Description of the task:
Restate the entries below in full, exactly as they read, but without pictures.

Raw data section start

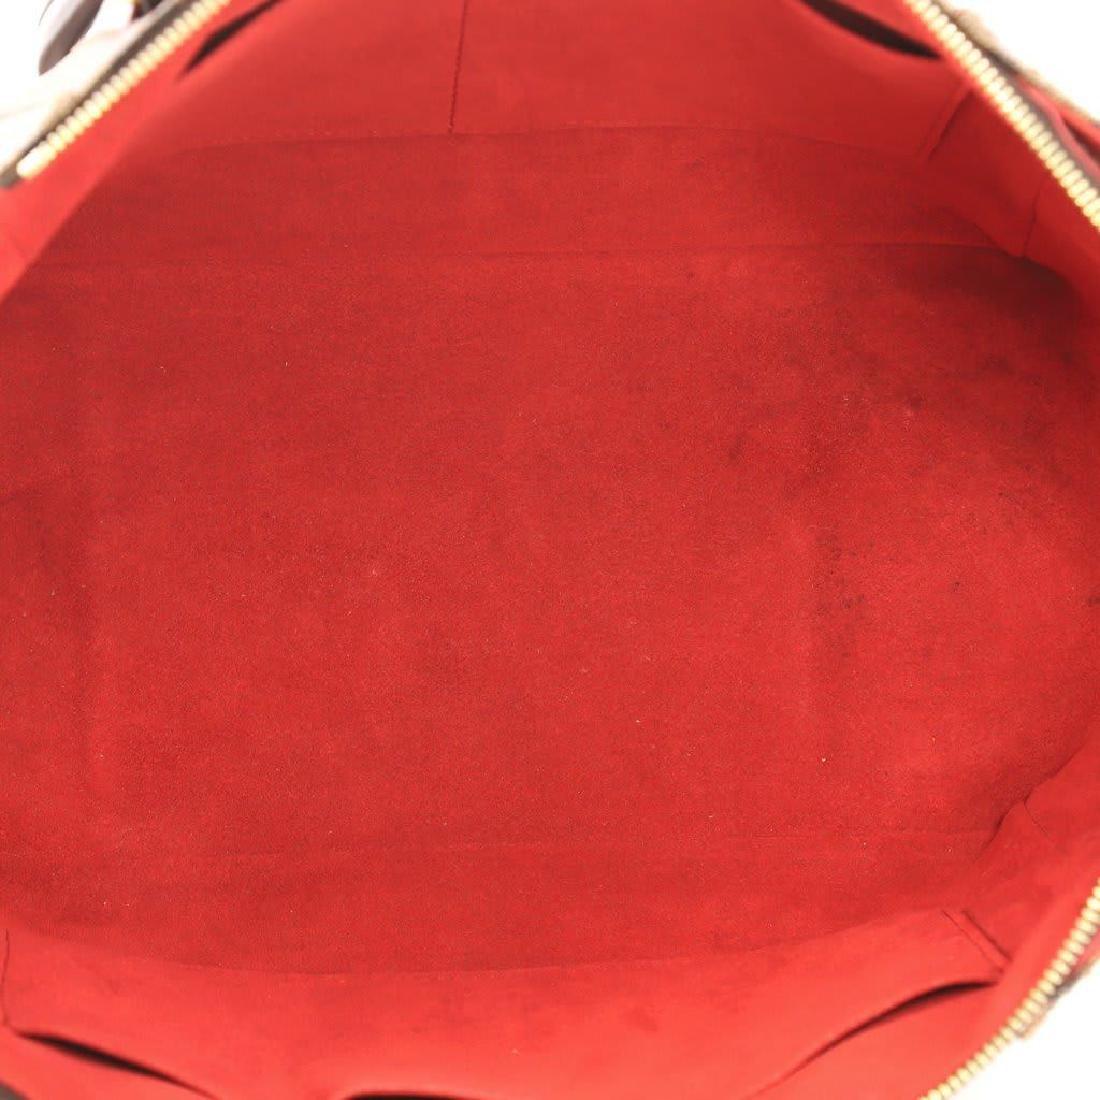 Louis Vuitton Caissa Damier Red Shoulder Bag - 7
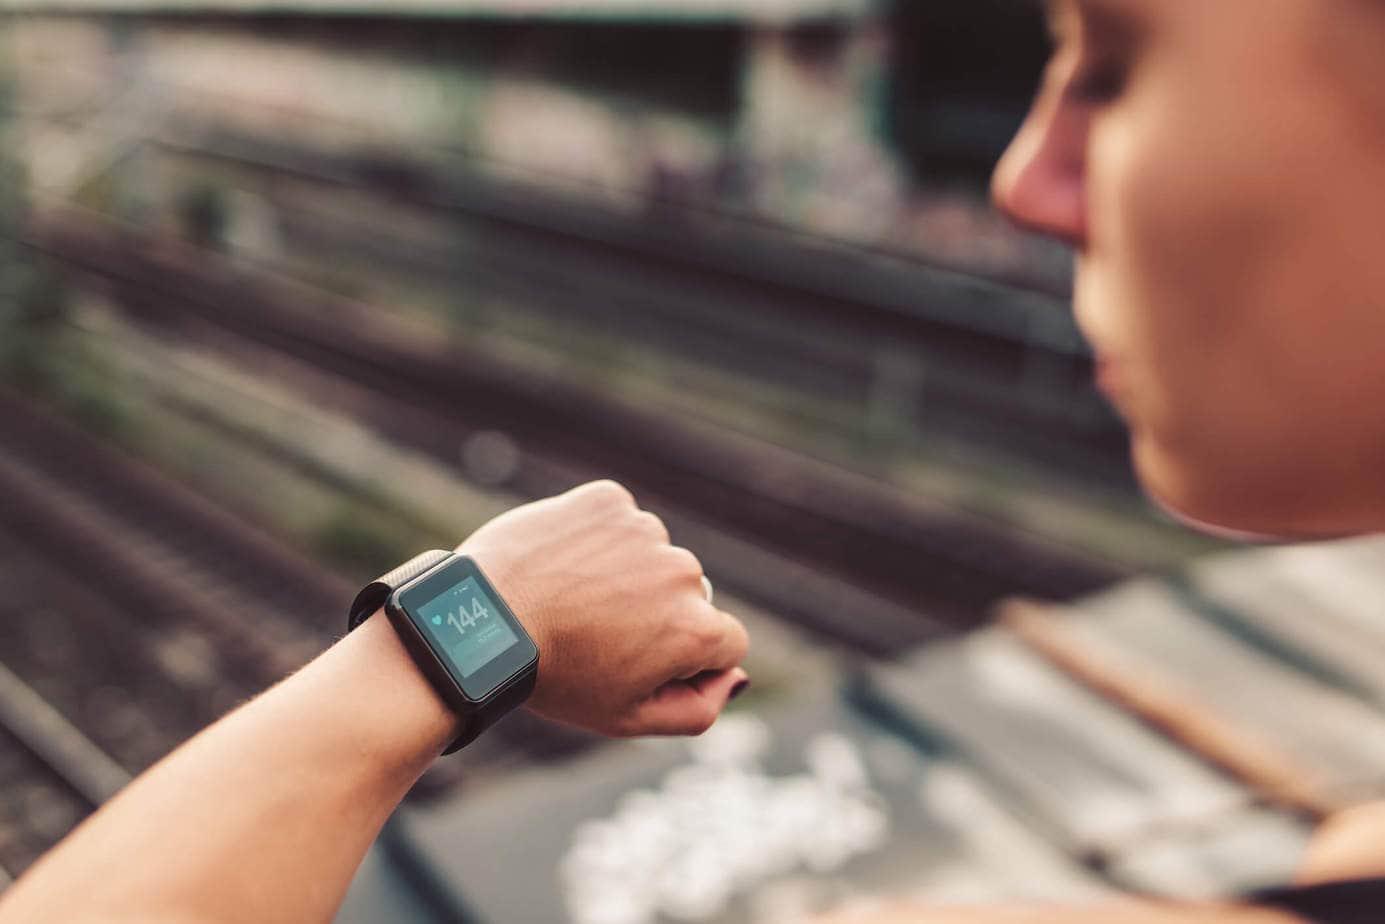 Kobieta sprawdzająca godzinę na smartwatchu
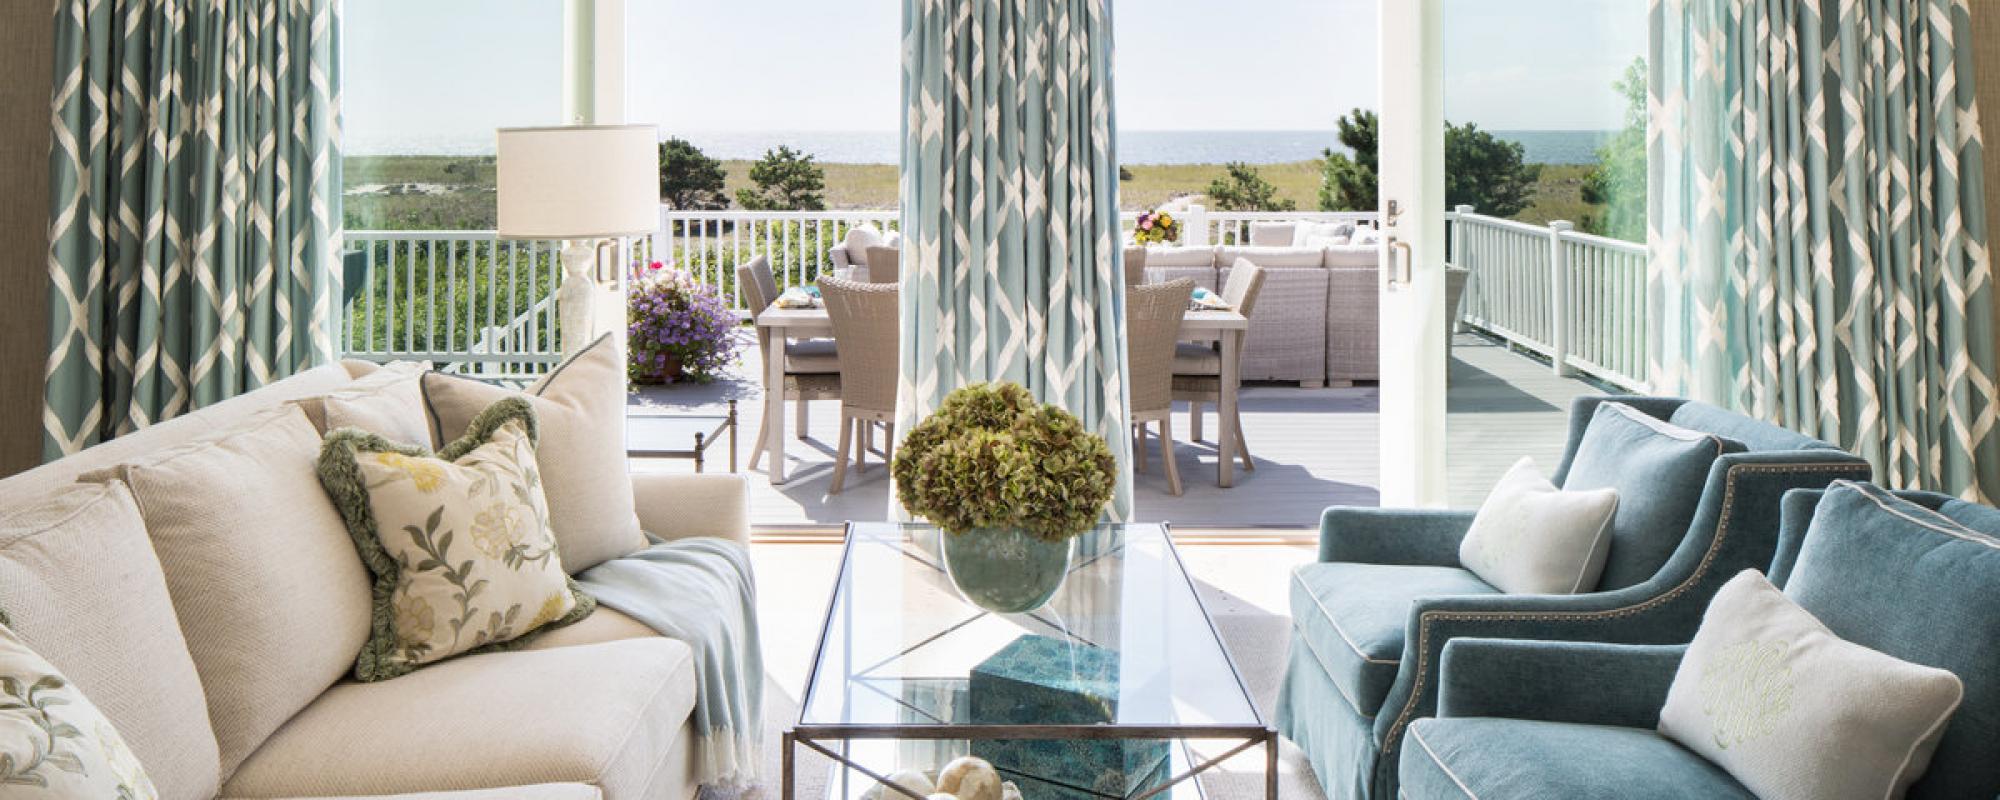 blue-living-room-resized-slider
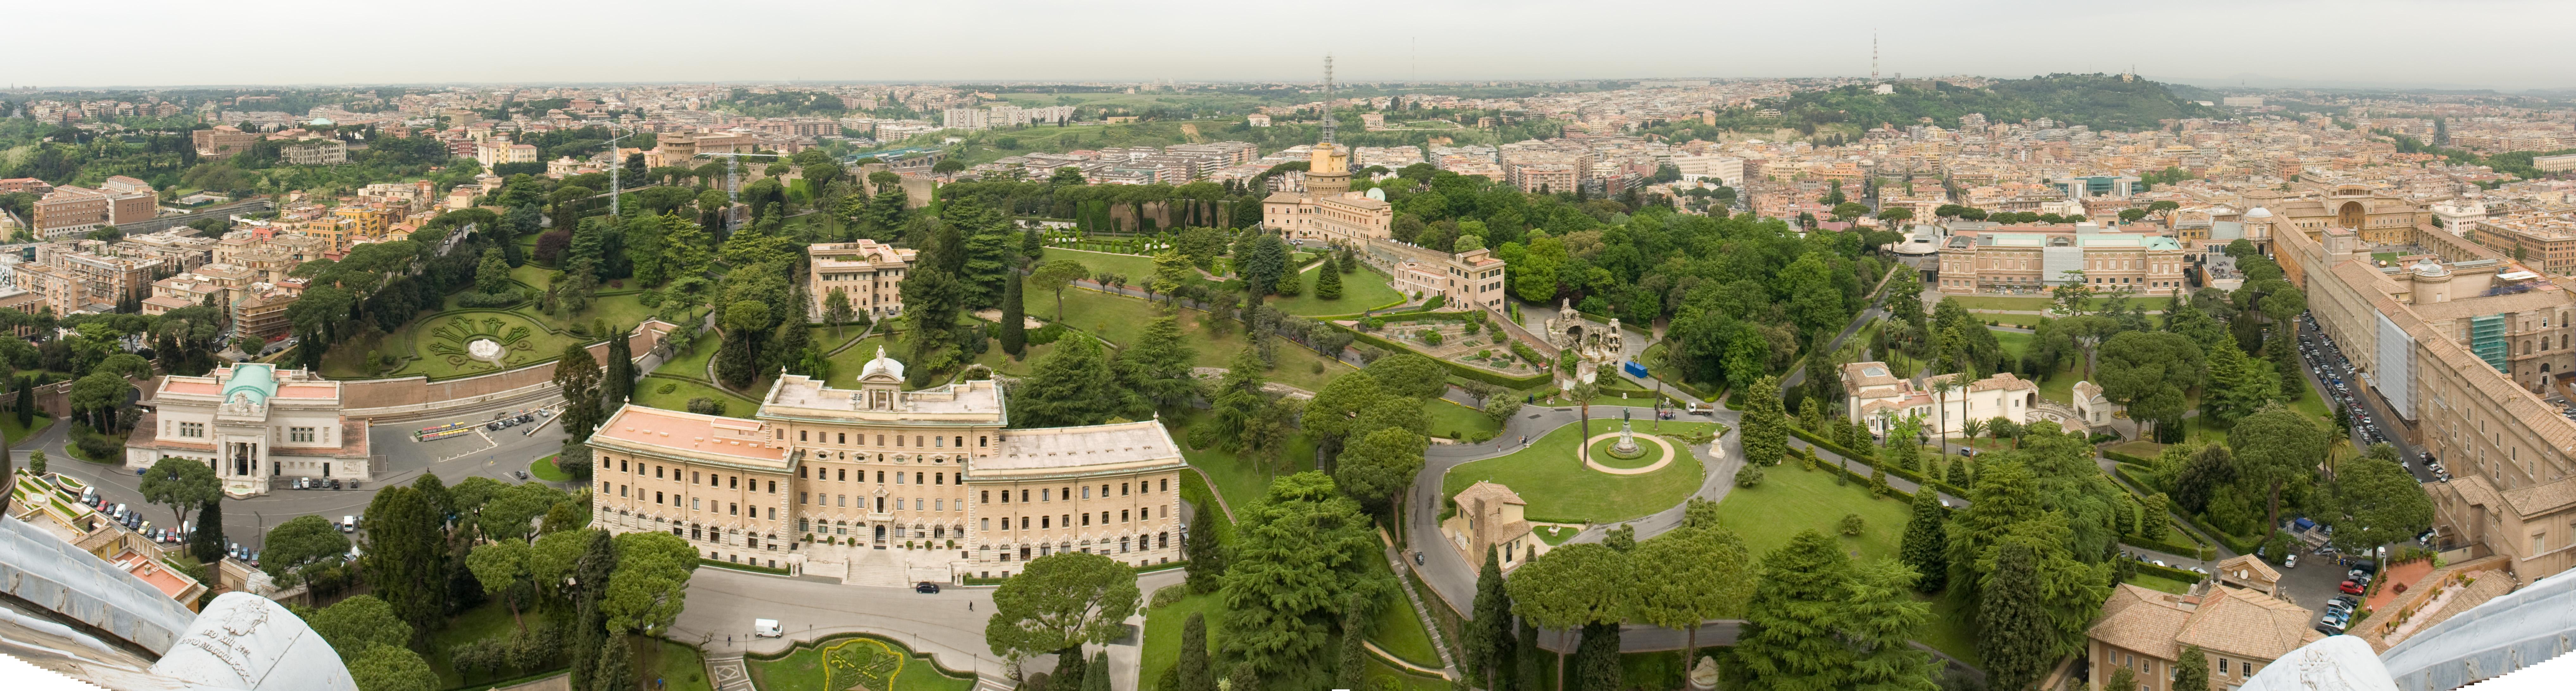 वैटिकन सिटी
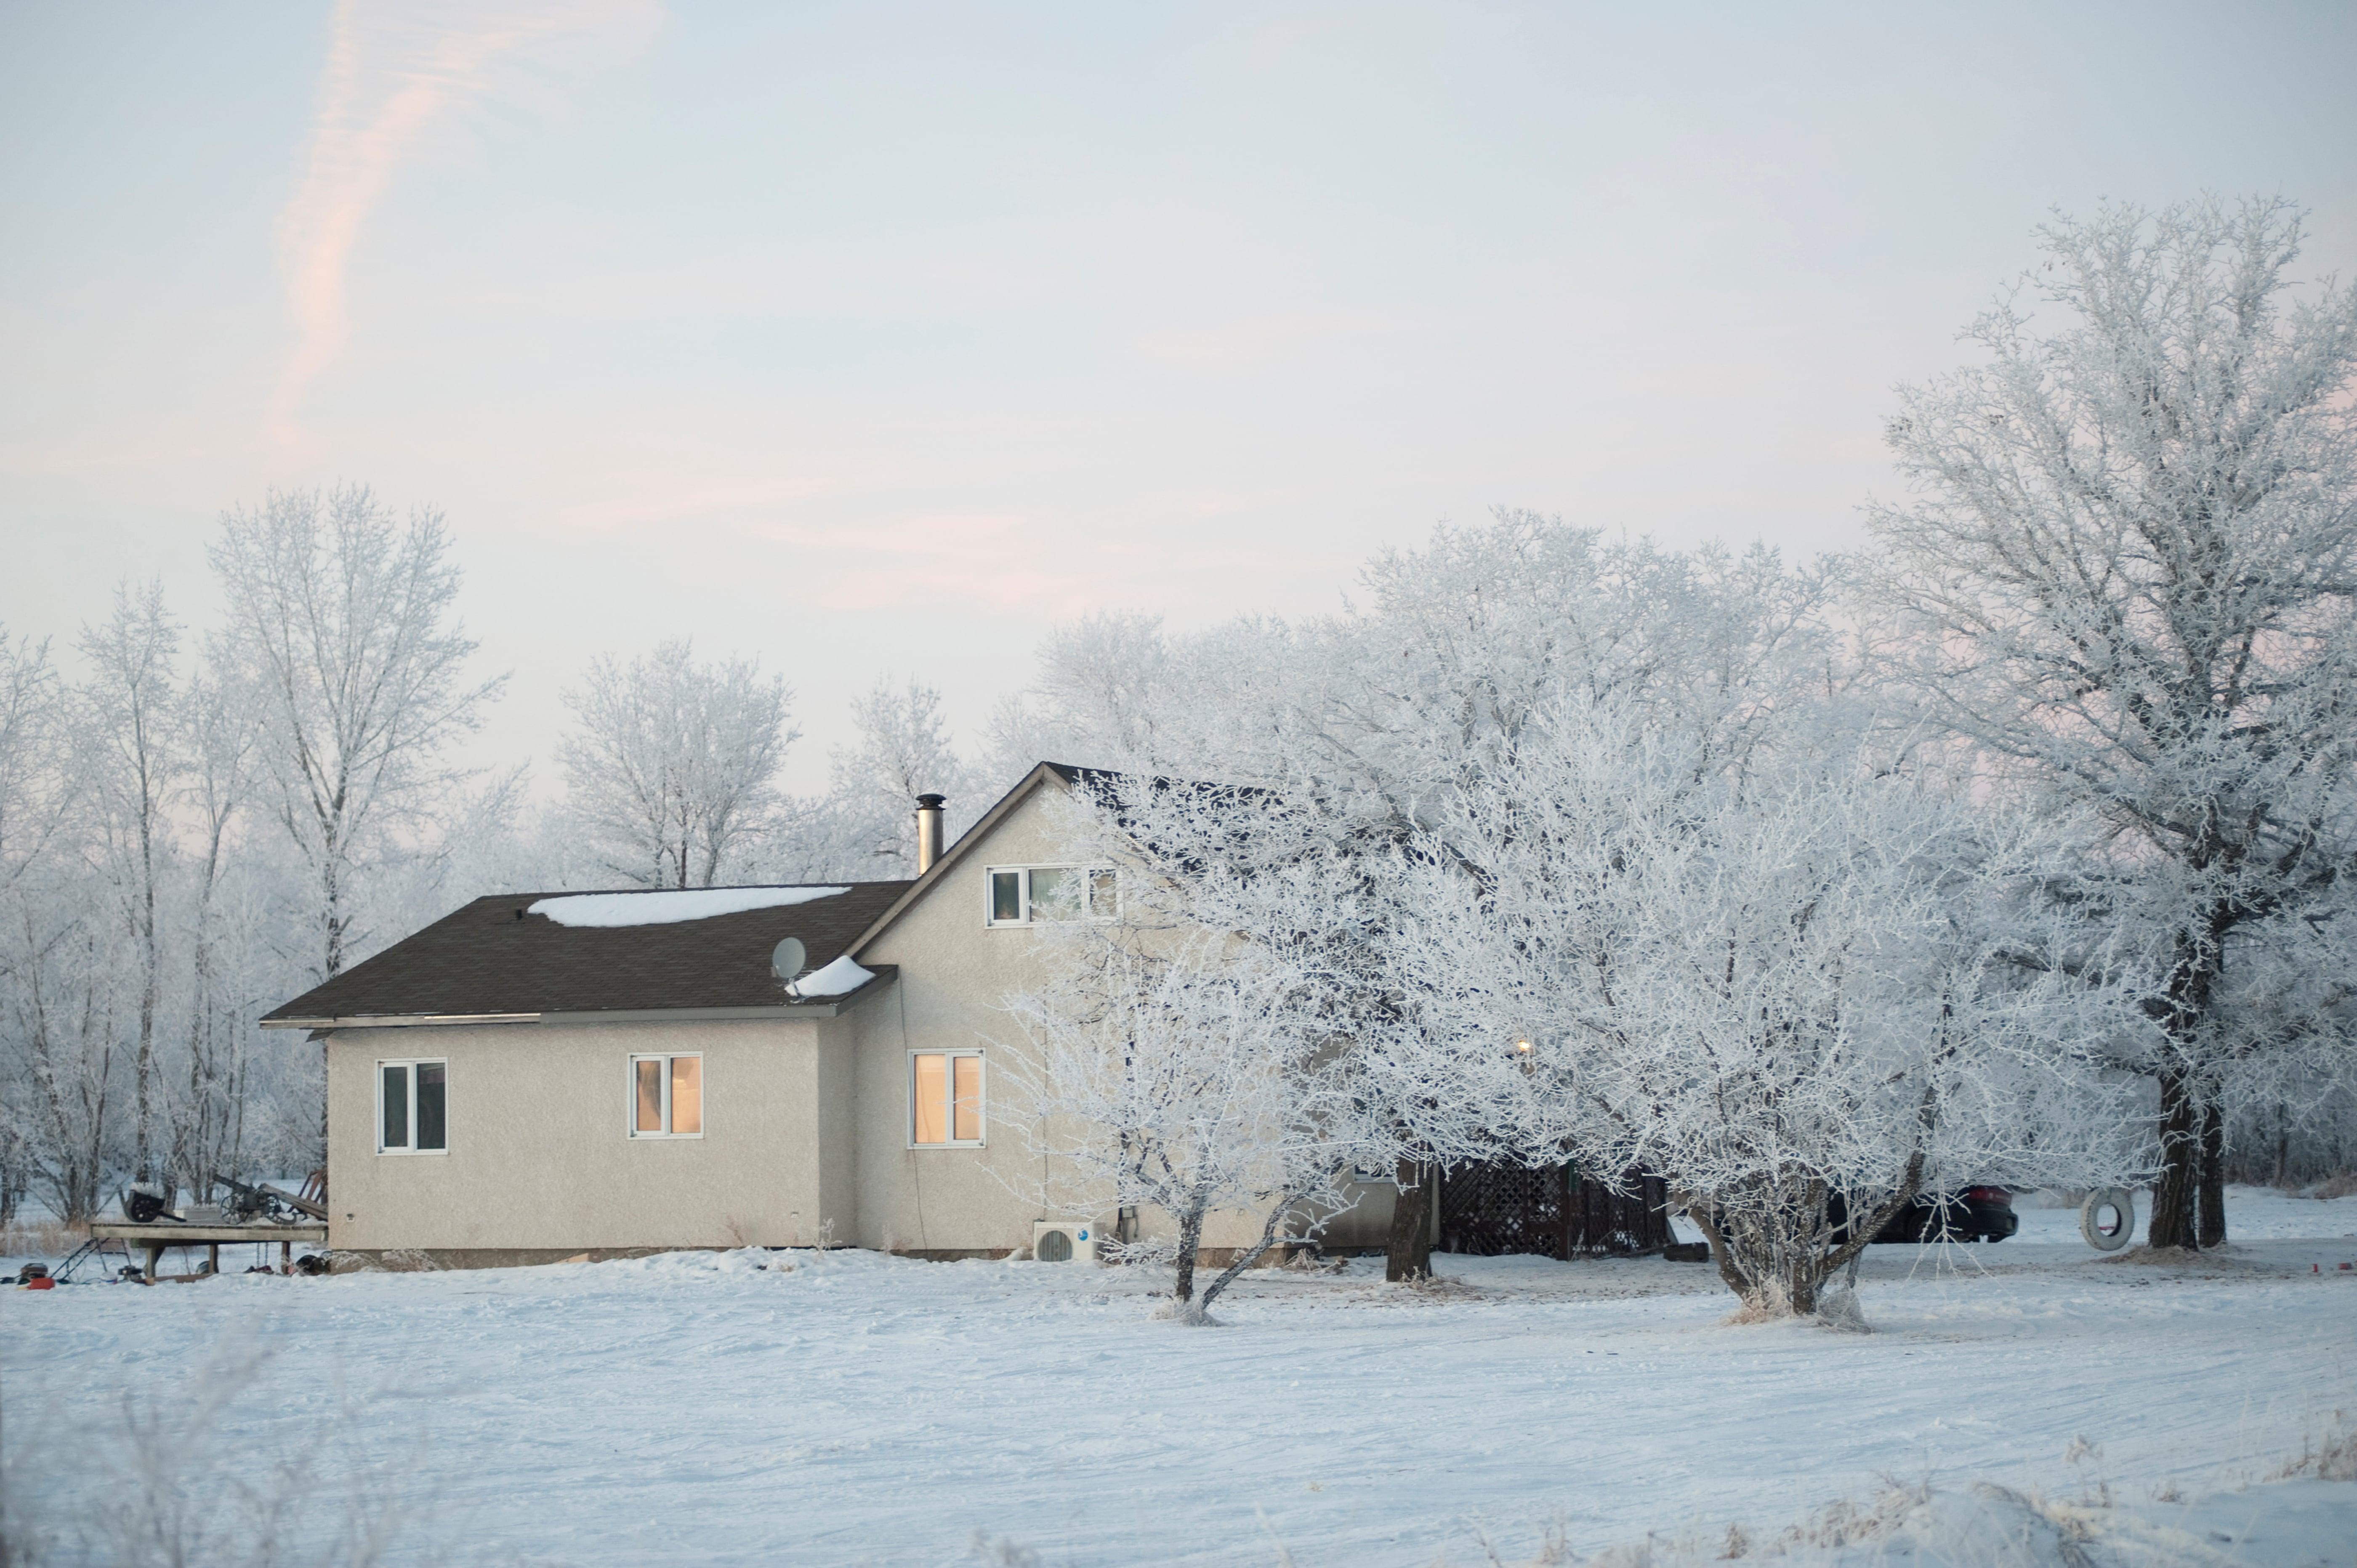 Canada winter building materials

Raw data section end

Exercise solution:
 Louis Vuitton Caissa Damier Red Shoulder Bag - 7
 Kobieta sprawdzająca godzinę na smartwatchu
 blue-living-room-resized-slider
 वैटिकन सिटी
 Canada winter building materials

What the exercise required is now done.